Easmon was a founder and keen worker of the Aburi Botanical Gardens and also donated samples to Kew Gardens.

==Family==
In 1889, John Easmon married Annette Kathleen Smith (daughter of William Smith and the sister of Dr Robert Smith, Francis Smith, and Adelaide Casely-Hayford). The couple had two children: Macormack Charles Farrell Easmon and Kathleen Easmon Simango. Macormack Easmon was also a prominent Creole doctor. John Easmon's grandson in the Gold Coast, Charles Odamtten Easmon, became Chief Medical Officer in newly independent Ghana in 1964 and was Dean of the Medical School.
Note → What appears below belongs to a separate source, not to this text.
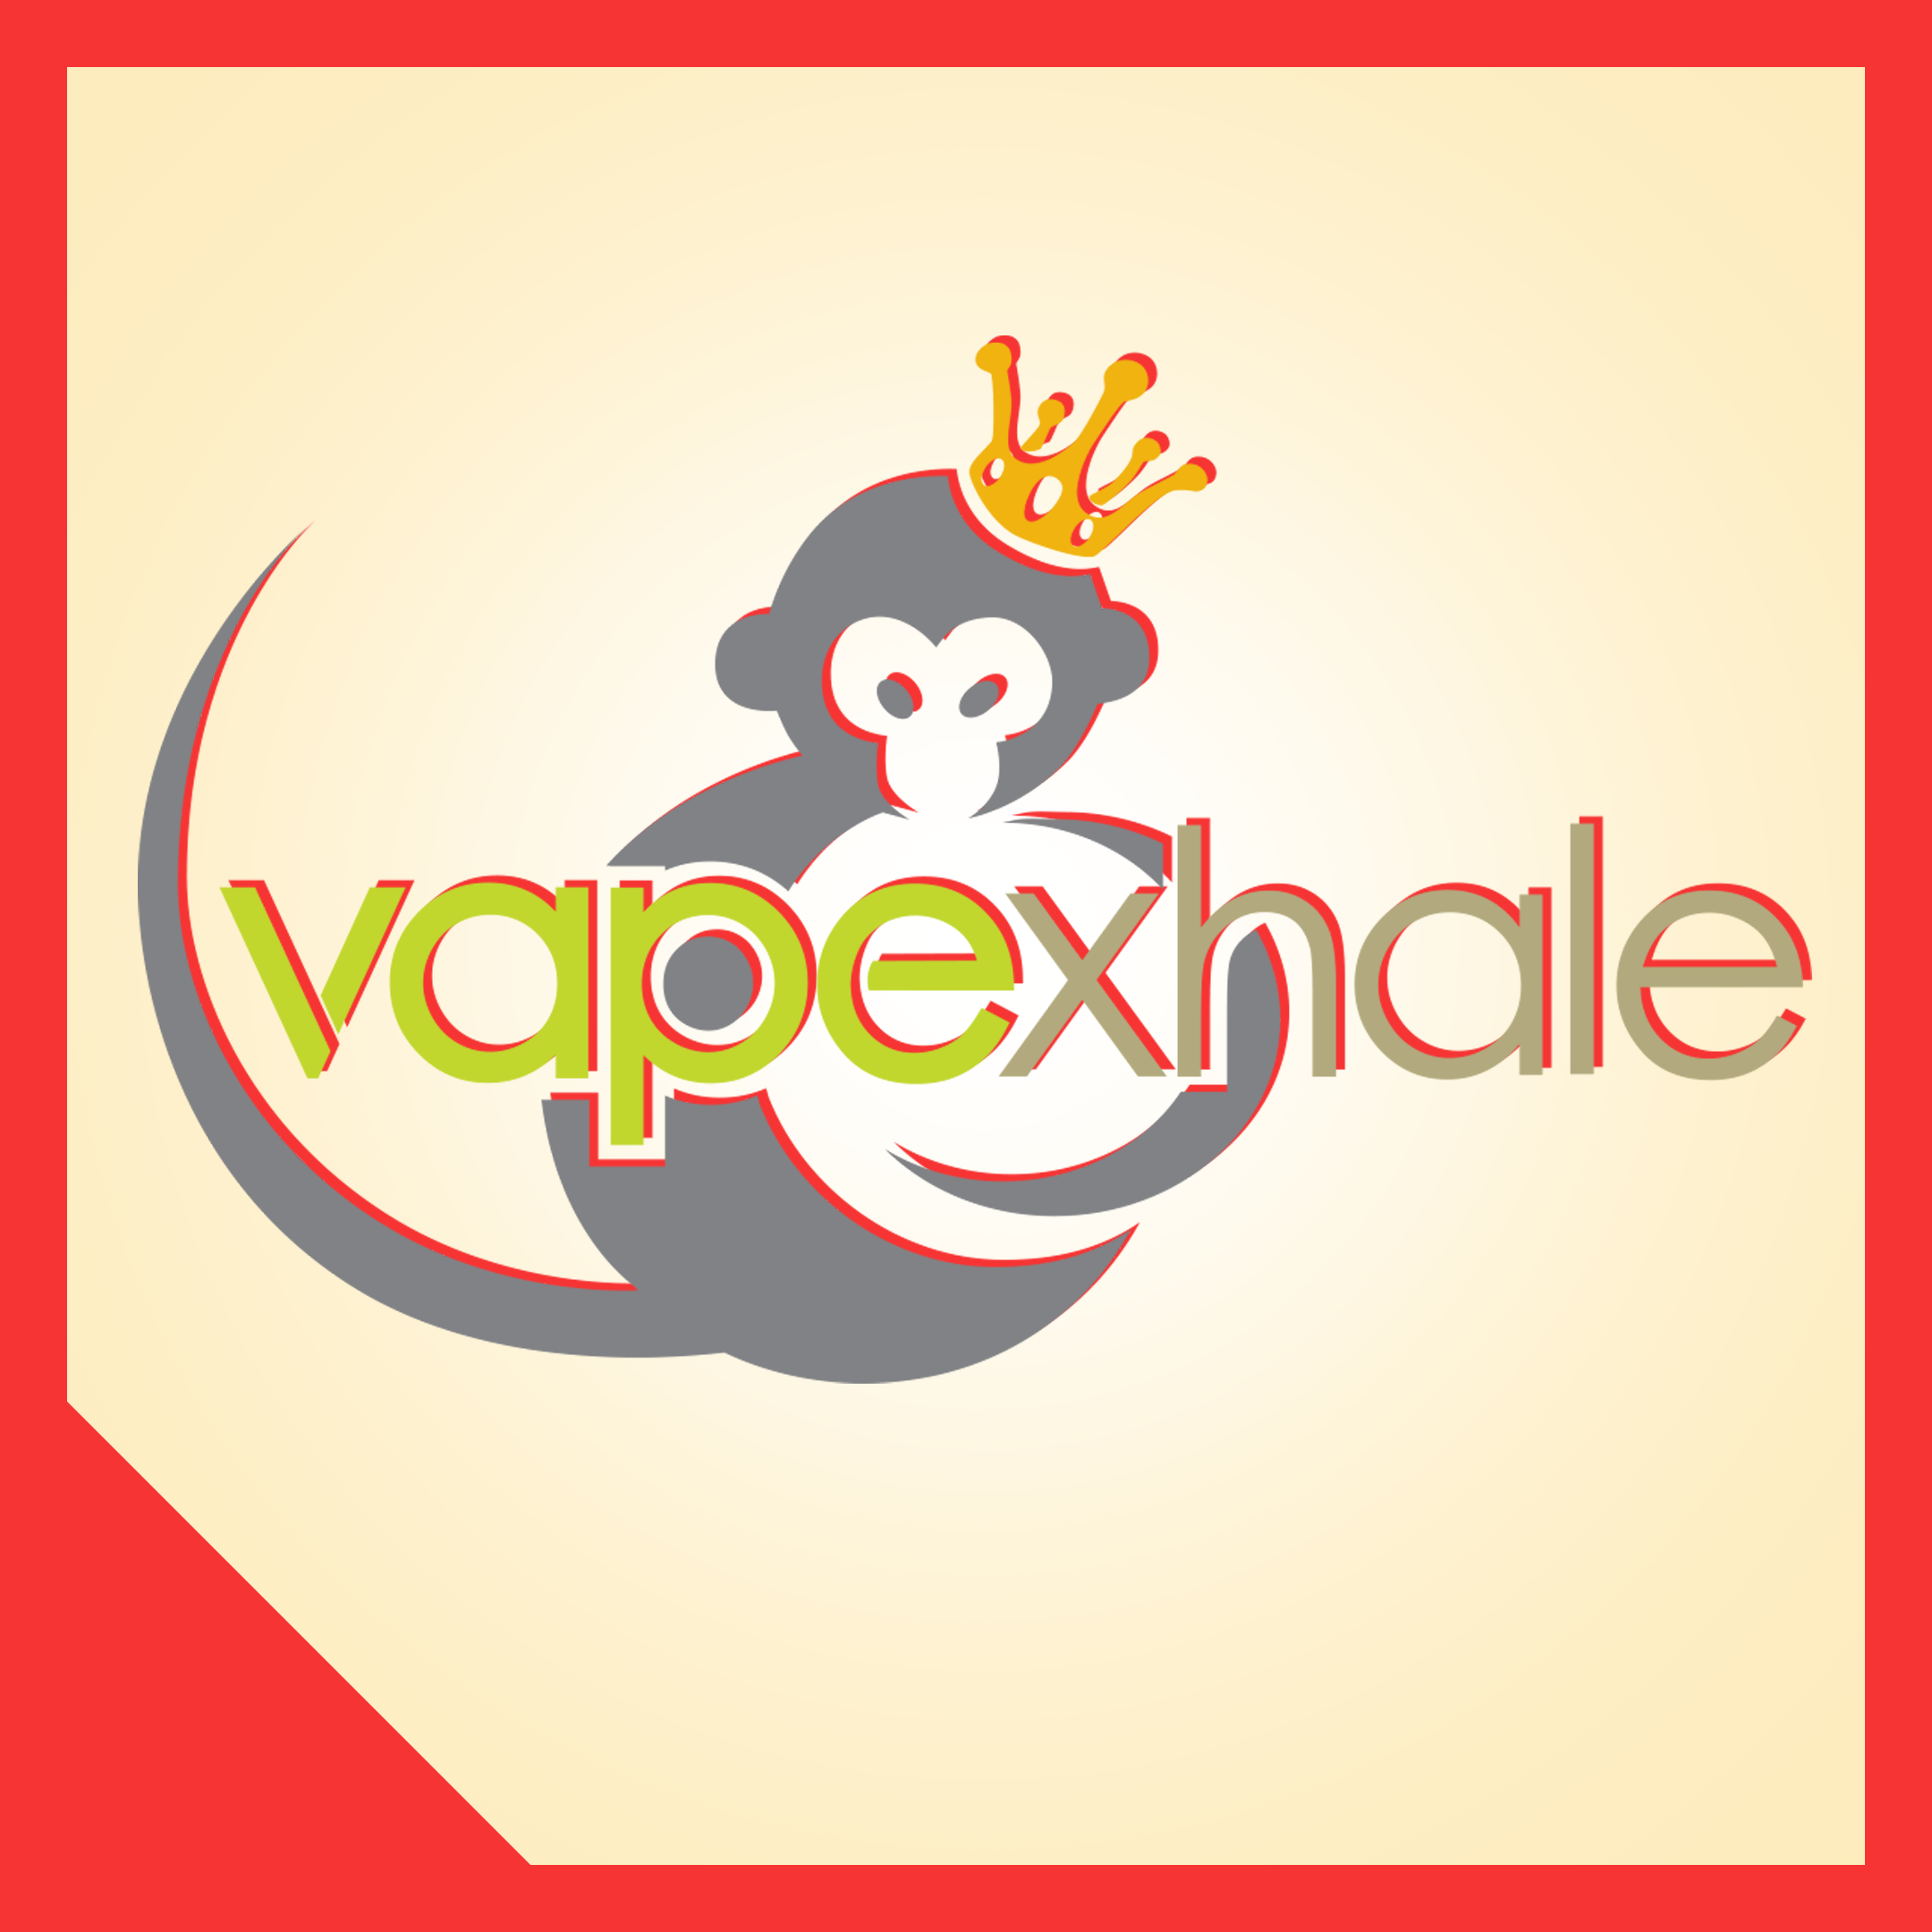 Team Vapexhale

John Easmon's half-brother Albert Whiggs Easmon was a successful Creole doctor whose son, Raymond Sarif Easmon, was a doctor and poet.

== Death ==
Easmon died of pneumonia on 9 June 1900, aged 43, and was buried in Cape Coast.

==Sources==
- M. C. F. Easmon, "A Nova Scotian Family", Eminent Sierra Leoneans in the Nineteenth Century (1961).
- Adell Patton, Jr., "Dr. John Farrell Easmon: Medical Professionalism and Colonial Racism in the Gold Coast, 1856–1900", The International Journal of African Historical Studies, Vol. 22, No. 4 (1989), pp. 601–636.
- Adell Patton Jr., "The Easmon Episode", Physicians, Colonial Racism, and Diaspora in West Africa, pp. 93–122.